For the consumer, many financial advisers are compensated by commissions that are earned through the solutions or products they recommend. We believe that the fee-only financial planner is a preferred method of compensation for financial planners.  Other methods may cause a conflict of interest for you, the client. This conflict could cause a commissioned product being force to fit a problem rather than a problem being solved by an objective and independent answer.

Fee-only compensation helps you understand what you are paying for.

We believe a fee-only compensation model helps our clients better understand what they are paying for. It eliminates the worry that the client may have on a recommended solution having any hidden charges or a force fit. This compensation model matches our financial disclosure and fiduciary responsibility to our clients. Other benefits of a fee only advisor or fiduciary are:

  • A fiduciary must meet a higher standard in matching your financial needs with the proper recommendations. We must consider your best interest.
  • A commissioned financial advisor or a registered representative only needs to meet a suitability standard test.

Congress is currently debating this issue for the financial service industry. Under the new rules of the SEC an adviser is either a fiduciary or not.

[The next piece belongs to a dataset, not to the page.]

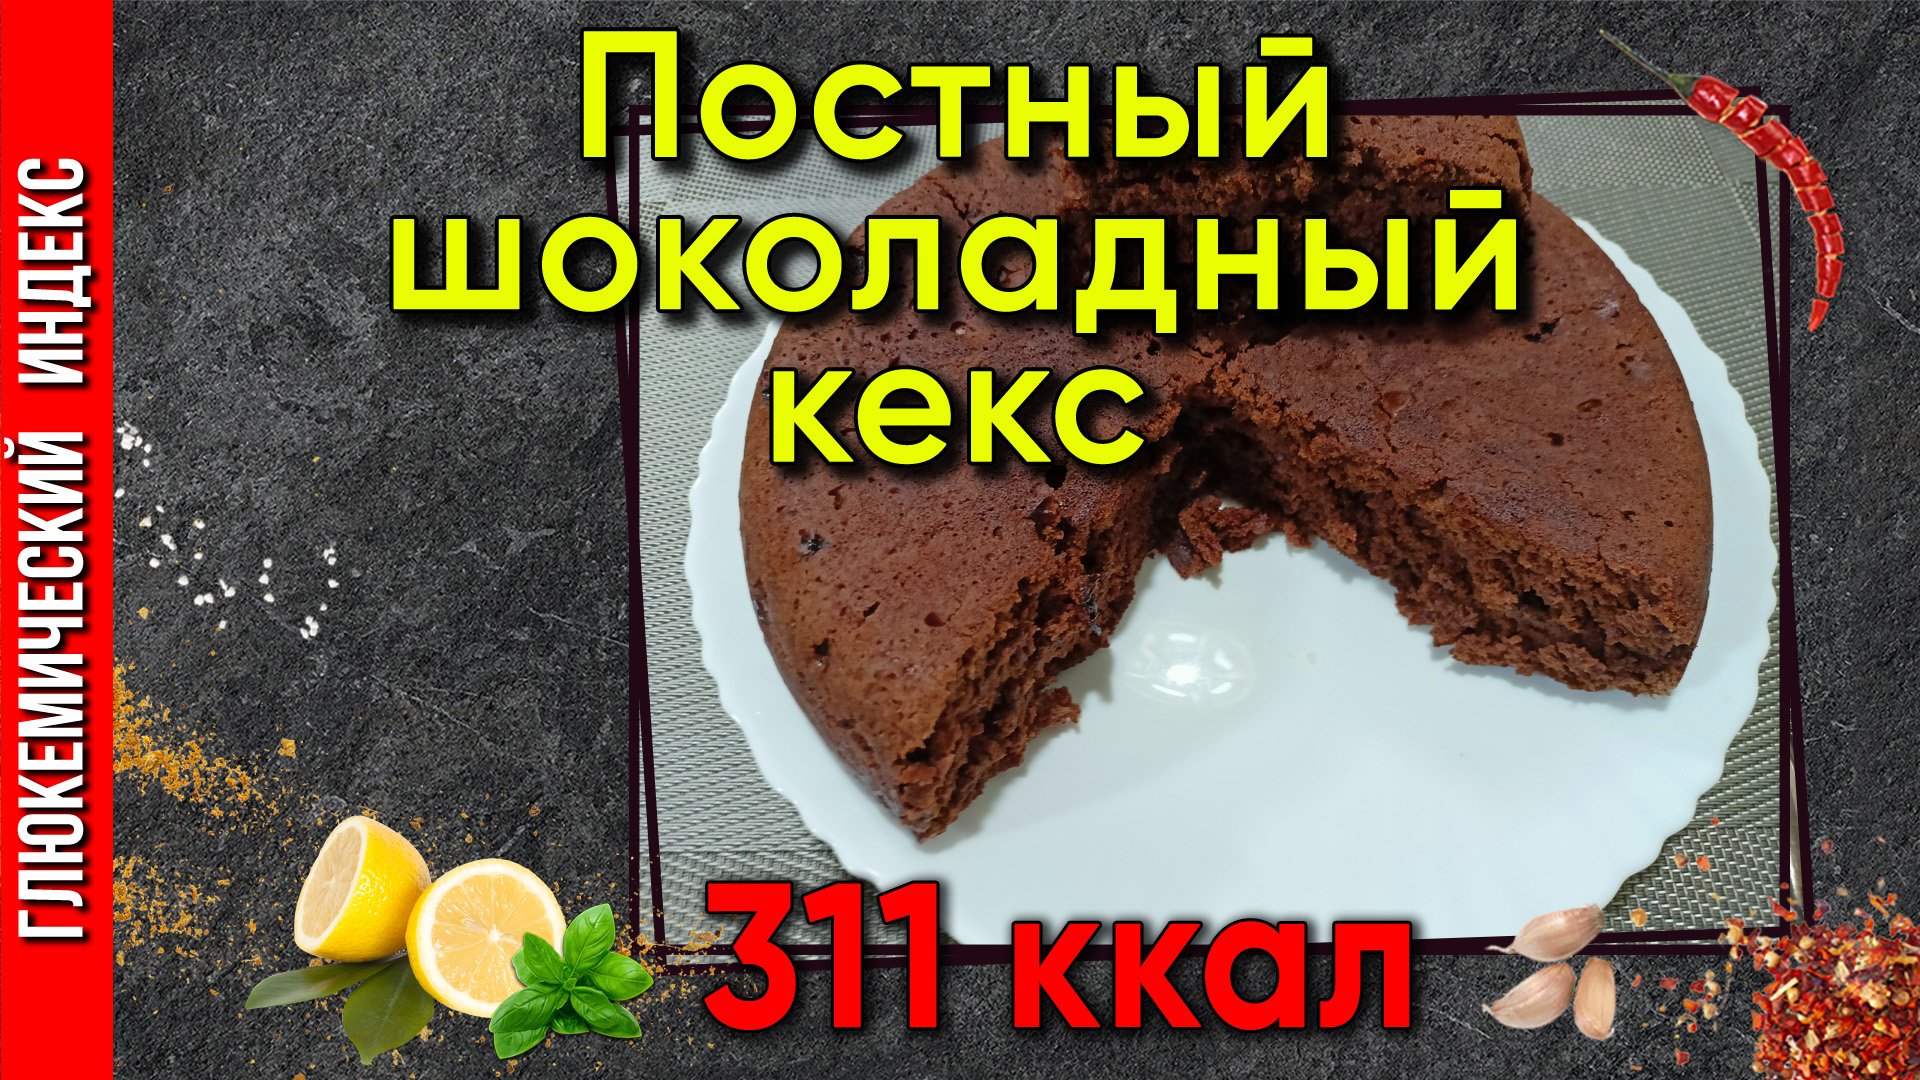 Постный шоколадный кекс — рецепт постного кекса для мультиварки.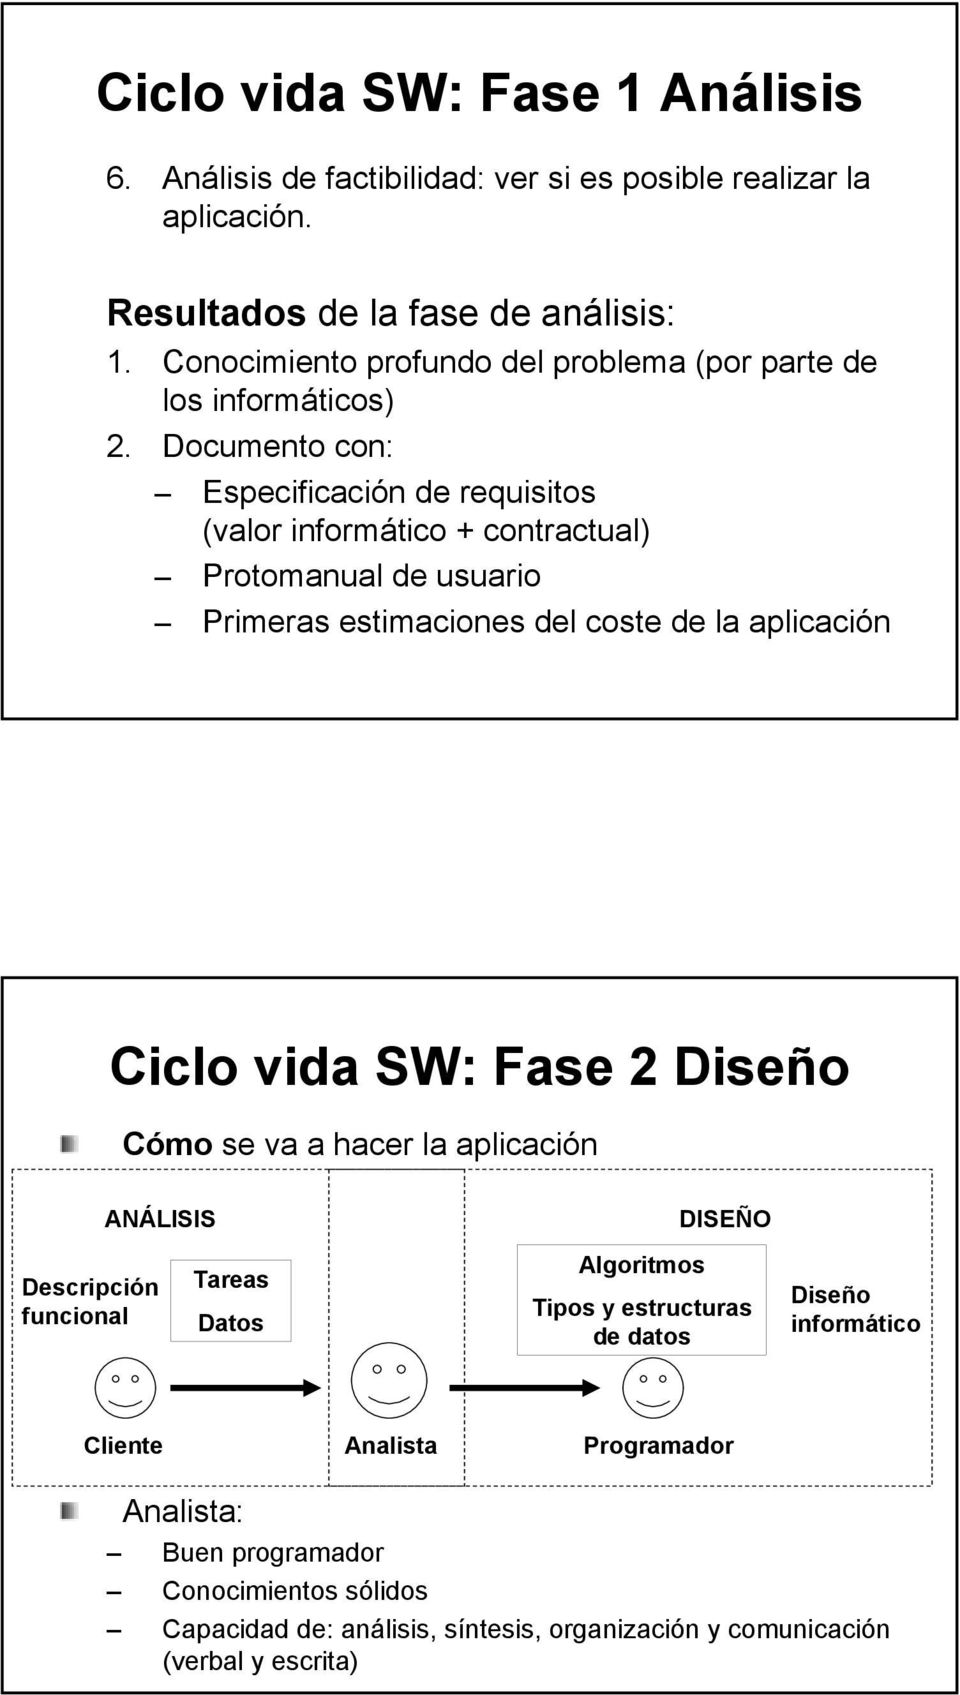 Documento con: Especificación de requisitos (valor informático + contractual) Protomanual de usuario Primeras estimaciones del coste de la aplicación Ciclo vida SW: Fase 2

If you do not use an advisor who is a fiduciary, you the client, take on additional risk. This risk is created since the adviser does not need to act in your best interest and you must understand the recommendation. You need to ask that questions and read the fine print of the disclosure statements.

Our independent advice allows us to be objective in the solutions we provide to our clients.  We are not linked to a specific set of products.  Along with the fee-only and fiduciary roles, we believe that this process provides the best model for all consumers and clients.